- **HOW TO COMPLETE THIS TASK**: Output the listing below verbatim, without images.

- **DATASET EXTRACT**:

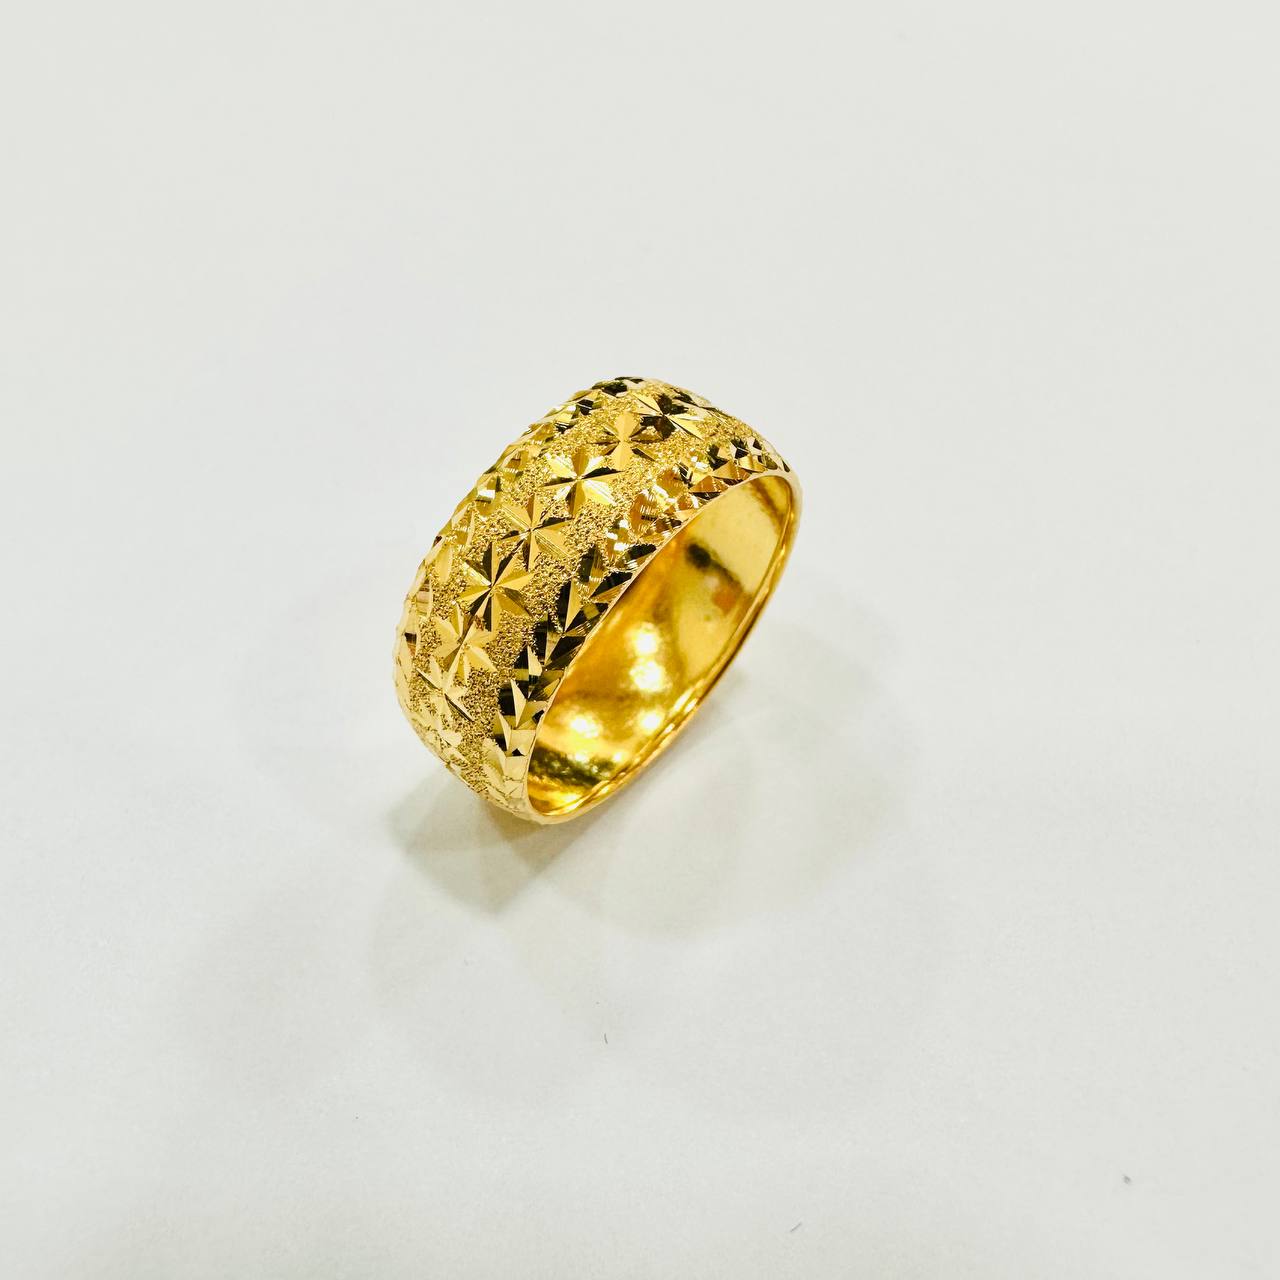 22k / 916 Gold Hollow ring Design 5-916 gold-Best Gold Shop
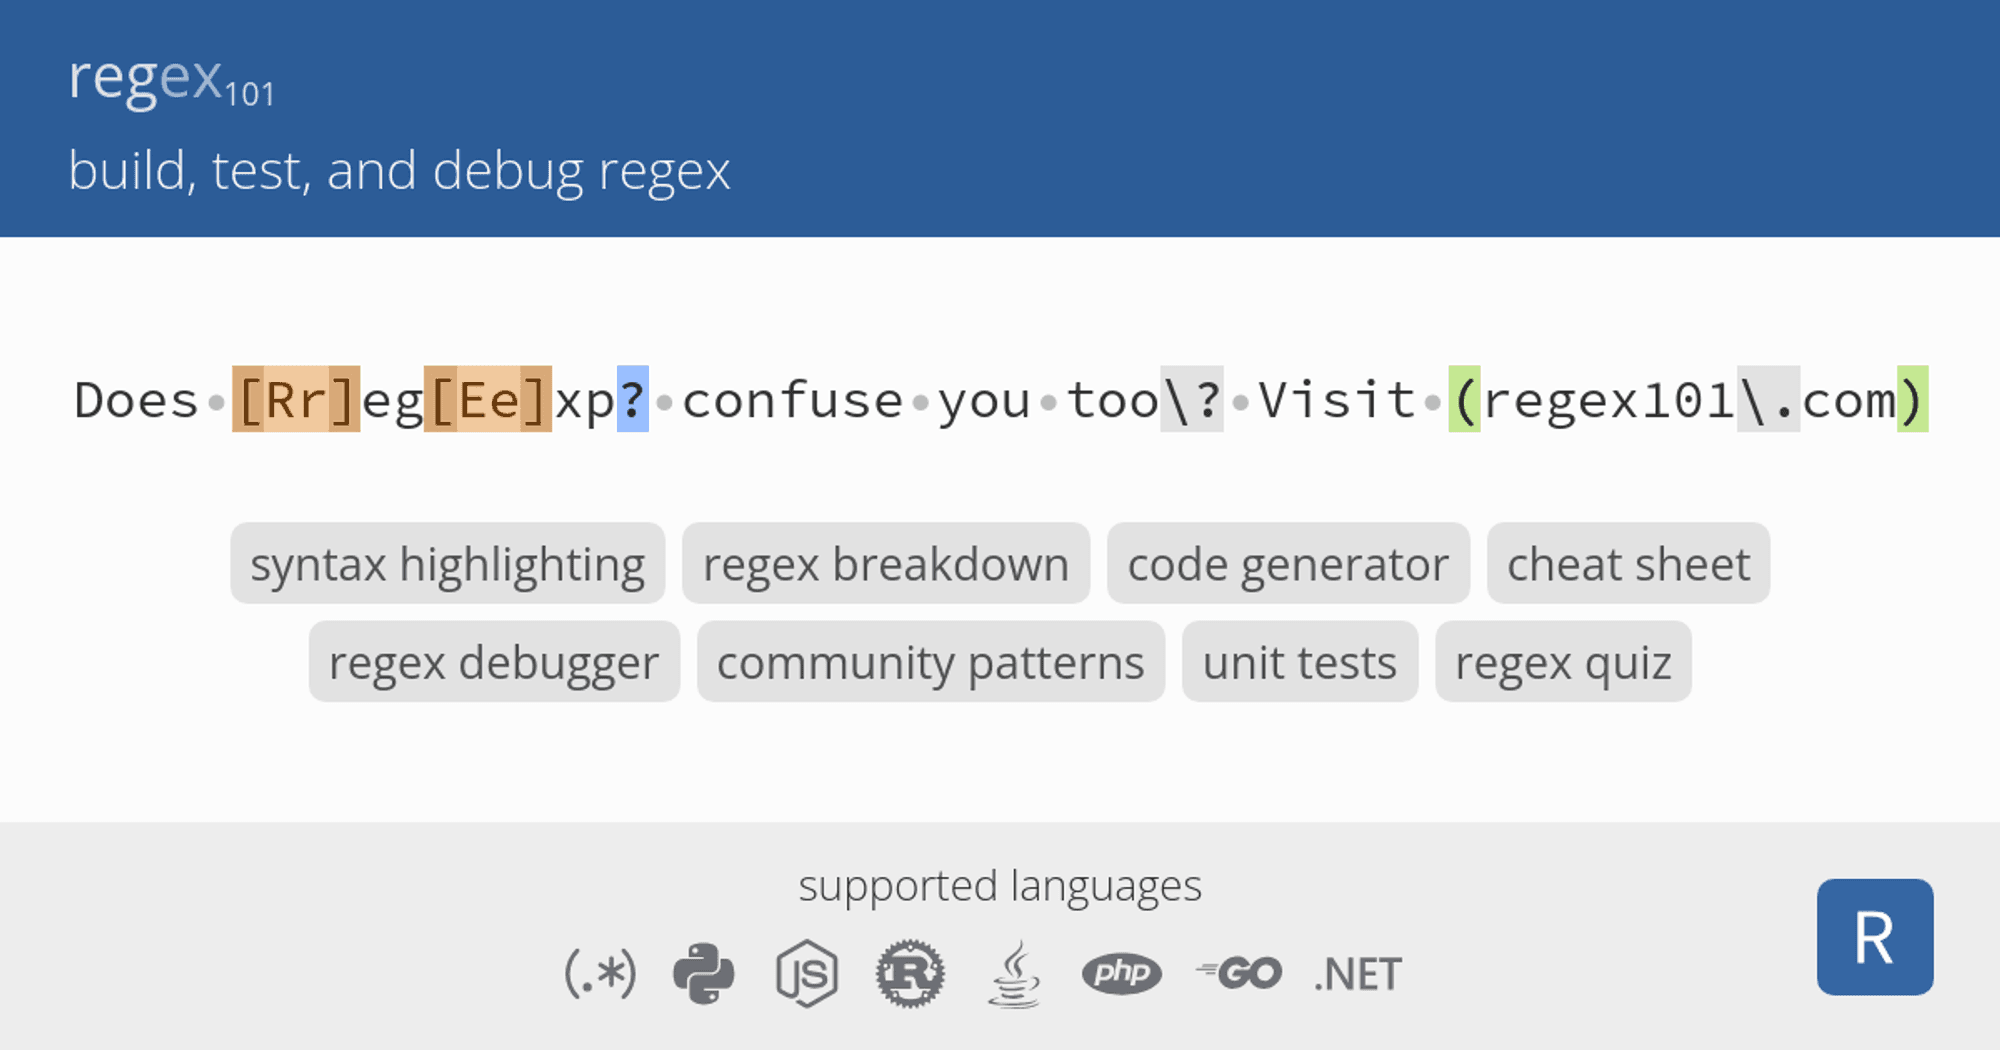 regex101: build, test, and debug regex
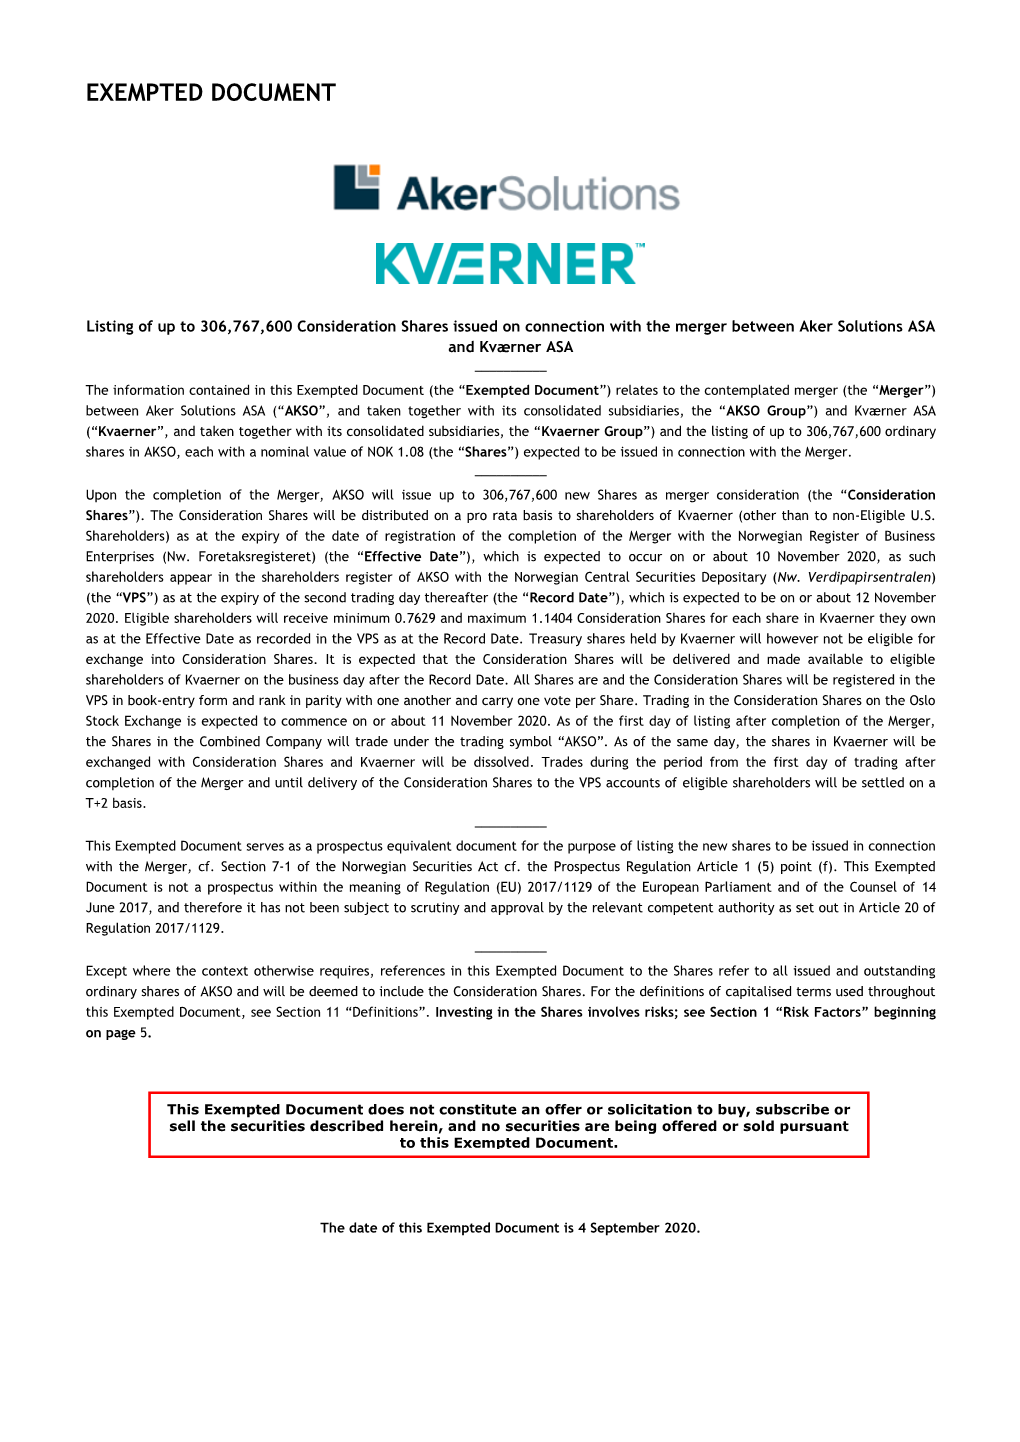 Exempted Document, Aker Solutions and Kvaerner, September 4, 2020
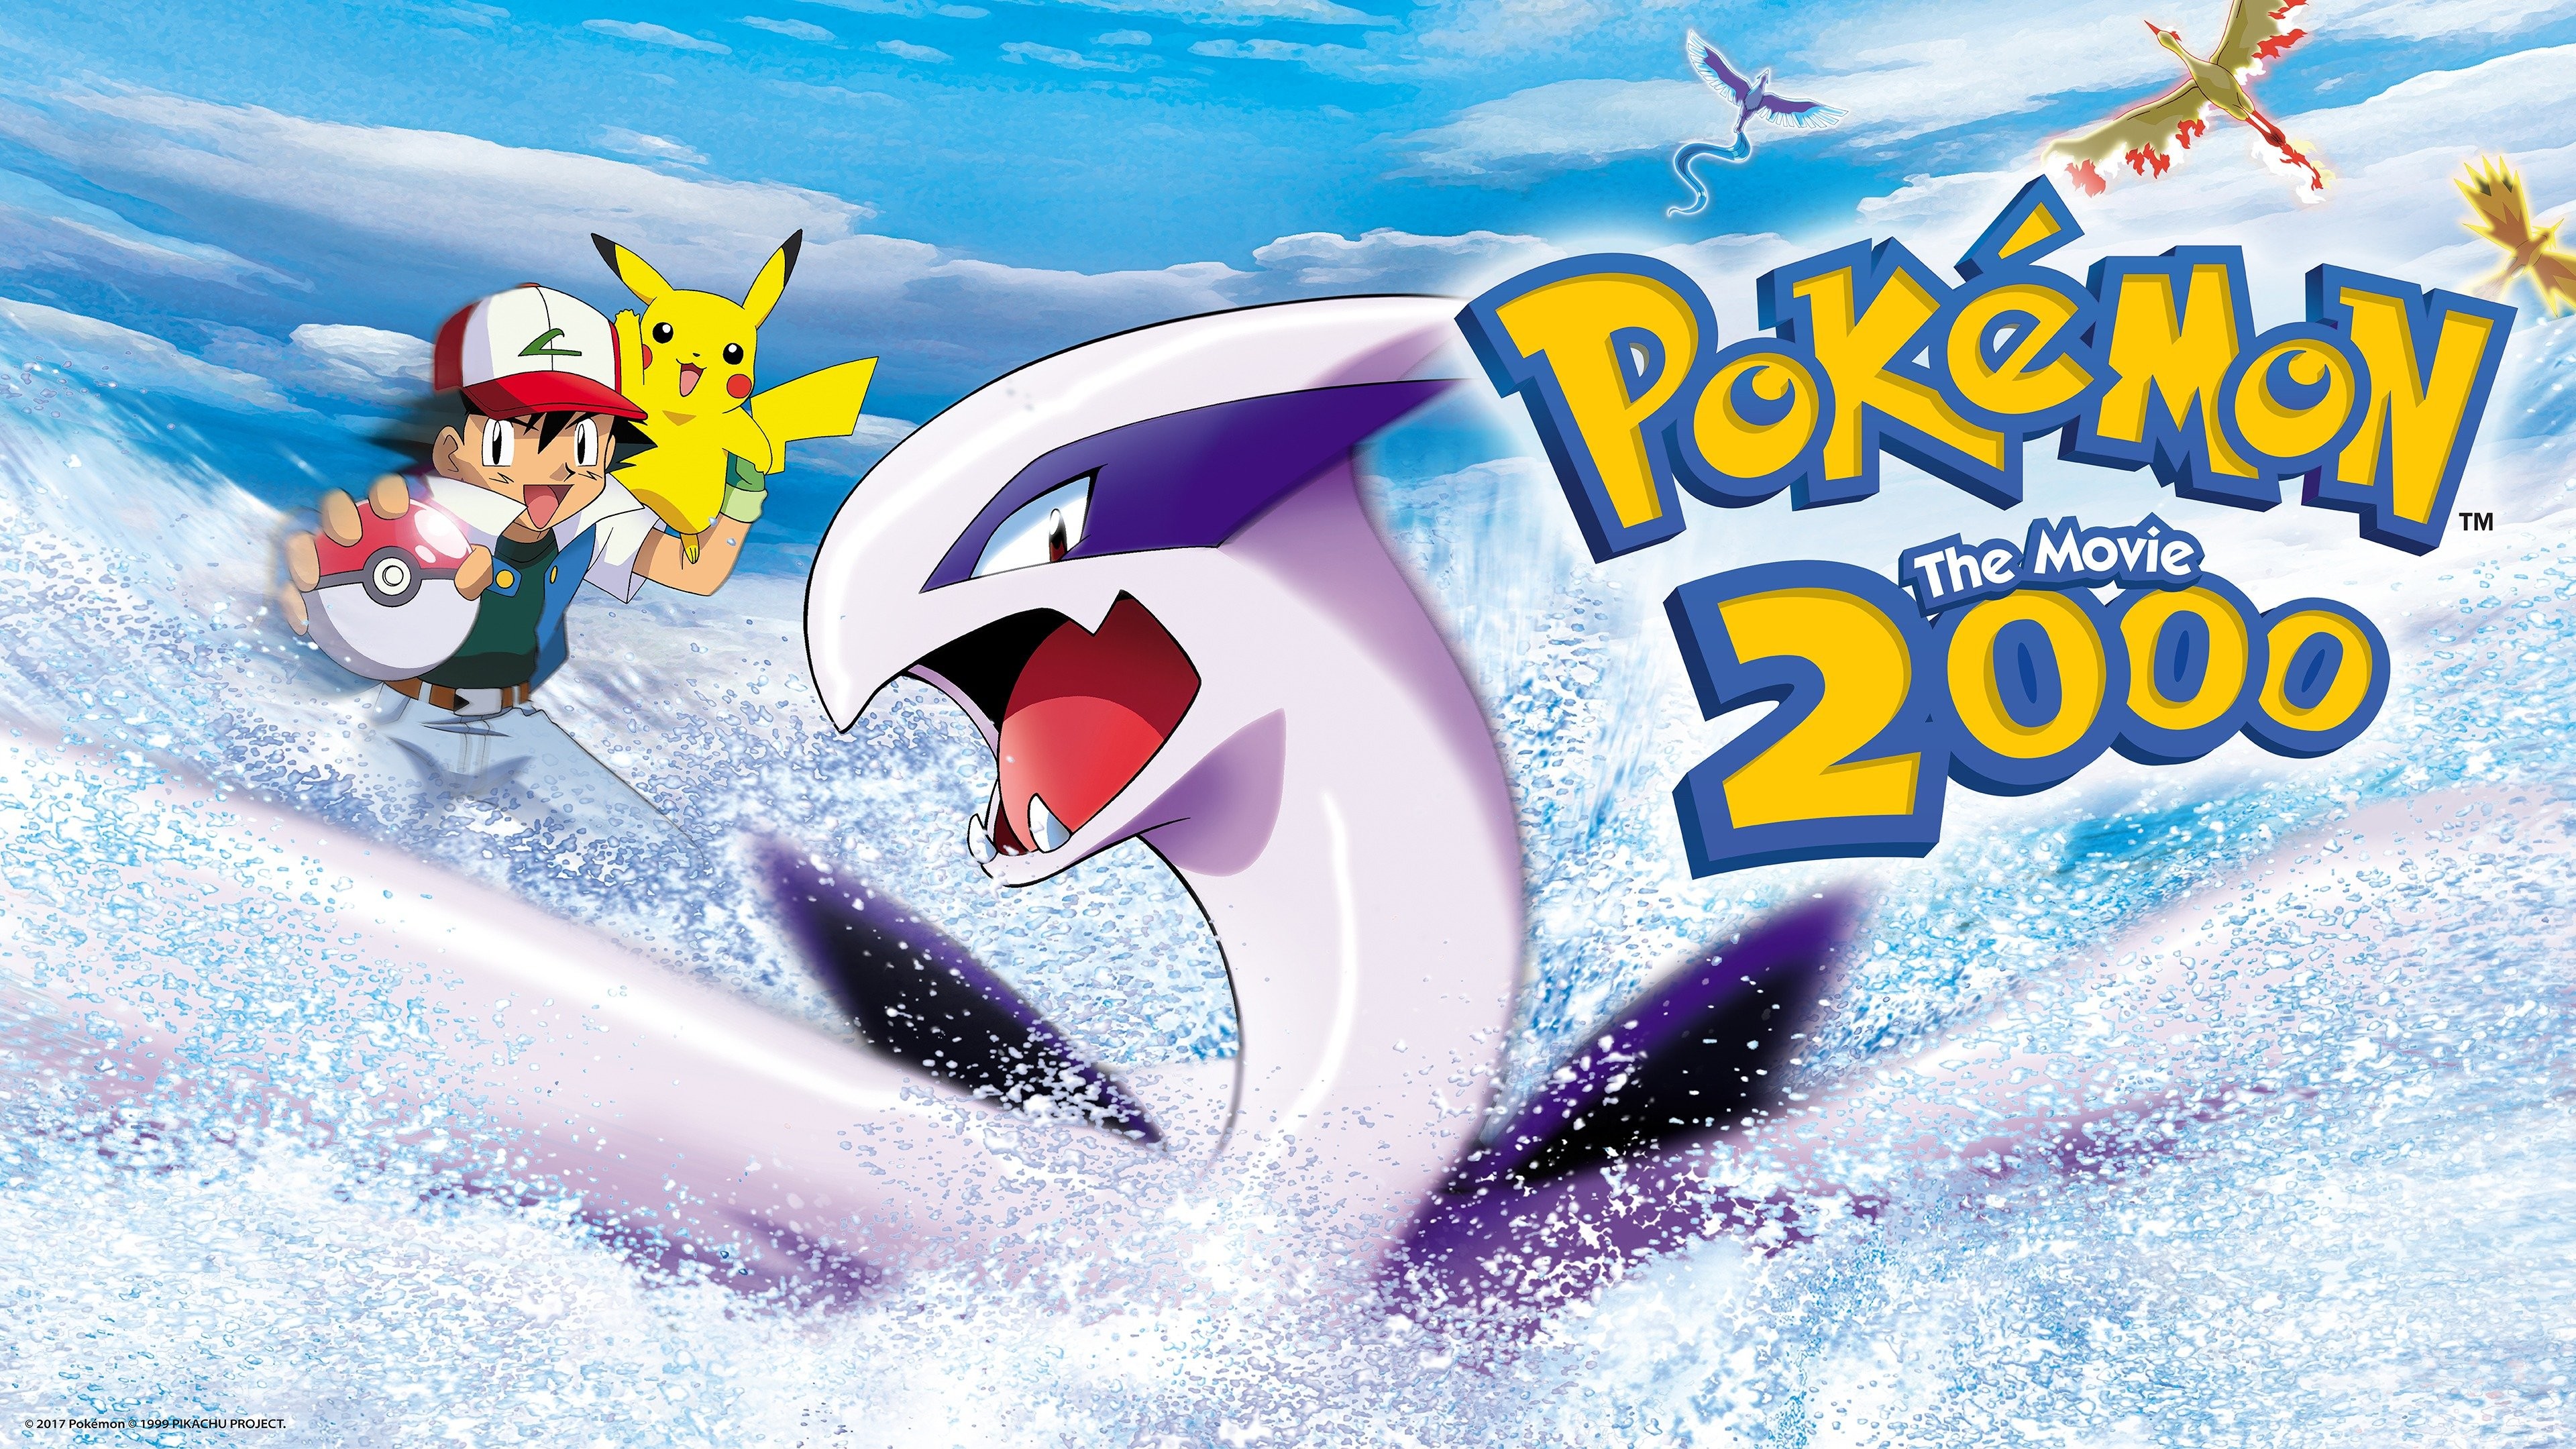 Pokémon: The Movie 2000 Adventure (found browser-based online game

- **OUTPUT FOR THIS EXERCISE**:
 22k / 916 Gold Hollow ring Design 5-916 gold-Best Gold Shop
 regex101: build, test, and debug regex
 Exempted Document, Aker Solutions and Kvaerner, September 4, 2020
 Pokémon: The Movie 2000 Adventure (found browser-based online game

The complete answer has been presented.